Prince of Beloozero from 1238 to 1278

Gleb Vasilkovich (Глеб Василькович; 1237–1278) was Prince of Beloozero from 1238 and Prince of Rostov from 1277 until his death in 1278. He was the younger of the two sons of Vasilko Konstantinovich.

==Reign==
Gleb was born in 1237. He was the younger of the two sons of Vasilko Konstantinovich and his wife Maria of Chernigov.
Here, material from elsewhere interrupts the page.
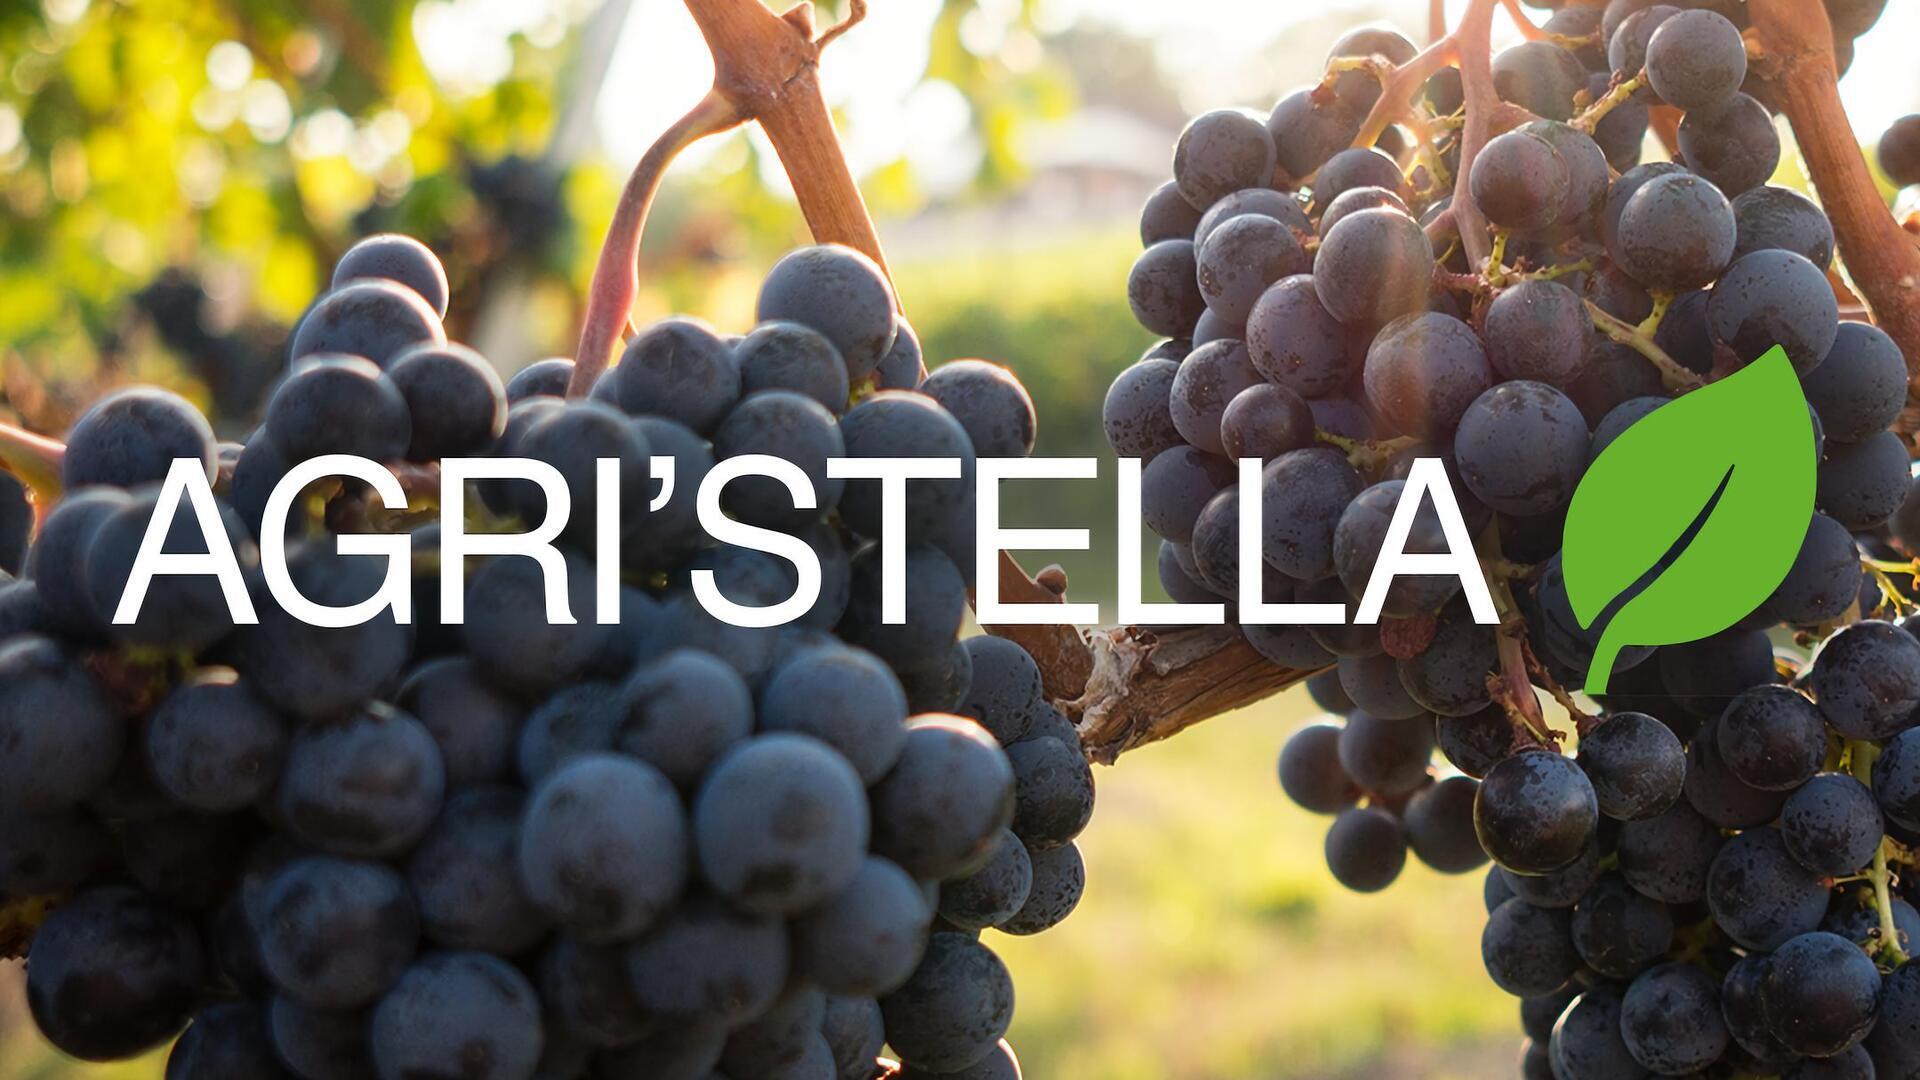 Agri'Stella : Soprappiu n°2, moments choisis et inédits

His father was killed at the battle of Sit River in 1238.

In 1249, Gleb visited Sartak Khan and following his return, he helped transport the body of Vladimir Konstantinovich from Vladimir to his appanage center of Uglich. He visited his patrimony of Beloozero in 1251. In 1258, together with his elder brother Boris, he hosted Alexander Nevsky in Rostov.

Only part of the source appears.